Lhermitte was born in 1844 in Mont-Saint-Père in Picardy into a cultivated but modest family. His father, a schoolteacher, noticed his talent for drawing and encouraged him in this area. In 1863, Lhermitte joined as a student the Special School of Drawing and Mathematics, known as the “Petite École” (which became the National School of Decorative Arts in Paris) under the teaching of Horace Lecoq de Boisbaudran. Then, he entered the Paris School of Fine Arts.

The rurality of his native region was his main source of inspiration. Nicknamed the “painter of harvesters”, his works bears witness to the working and peasant social life of his time through scenes of rural or urban work. It was the painting The Harvesters' Pay (1882) that brought him notoriety and recognition from his peers.

Lhermitte enjoyed an international career and recognition. In 1869 he made his first visit to England, where he met Alphonse Legros and became friends with Henri Fantin-Latour and James McNeill Whistler. From then on, he returned regularly to London where he sold his works through the dealers Paul Durand-Ruel and Edwin Edwards.

He exhibited at salons where he received awards on several occasions, and participated as a member of the jury at the second International Exhibition of White and Black in 1886 in the charcoal section, as well as at the Universal Exhibition of 1900, in Paris.

He produced six engravings for L'Eau forte en… (1874–1881), an album published by Alfred Cadart.
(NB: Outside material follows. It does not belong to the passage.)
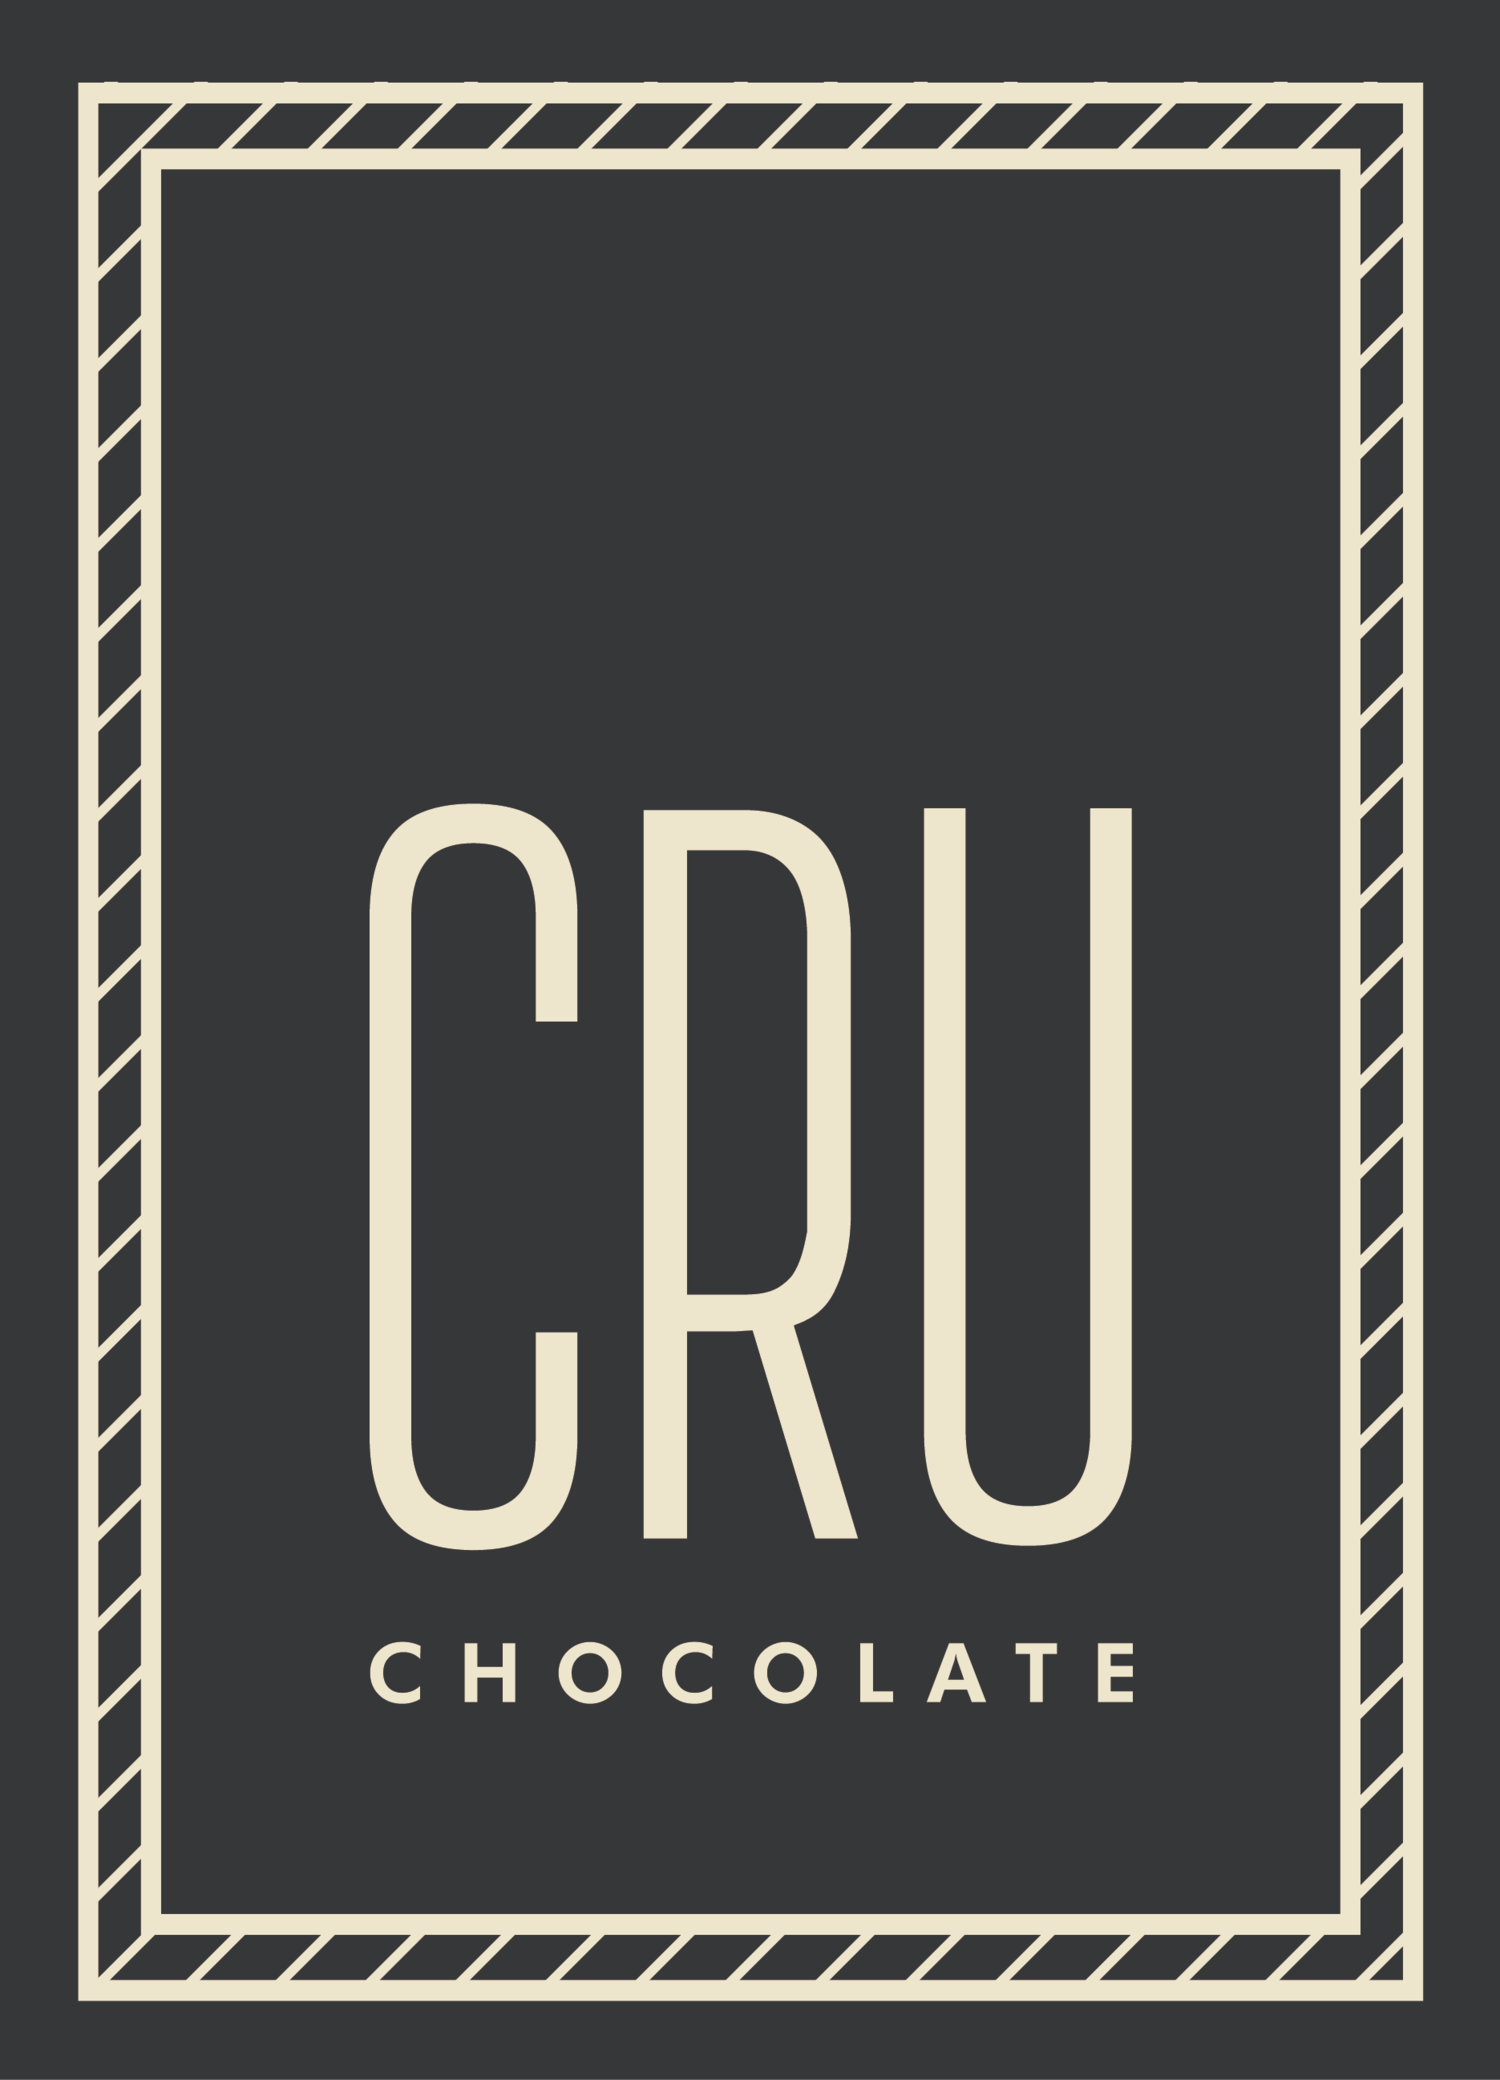 Cru Chocolate

He was a member of the delegation of the Société Nationale des Beaux Arts from 1901 to 1905. On October 28, 1905, he was elected a full member of the Academy of Fine Arts in the painting section.

His painting Les Halles exhibited at the Salon of 1895, depicts stalls from the old Les Halles market in Paris. First kept at the Paris City Hall, it was transferred to the Petit Palais, in Paris, in 1904, then stored in 1942, first at the Auteuil municipal depot, then in Ivry. Restored thanks to the patronage of the Rungis market, it is now kept once again at the Petit Palais.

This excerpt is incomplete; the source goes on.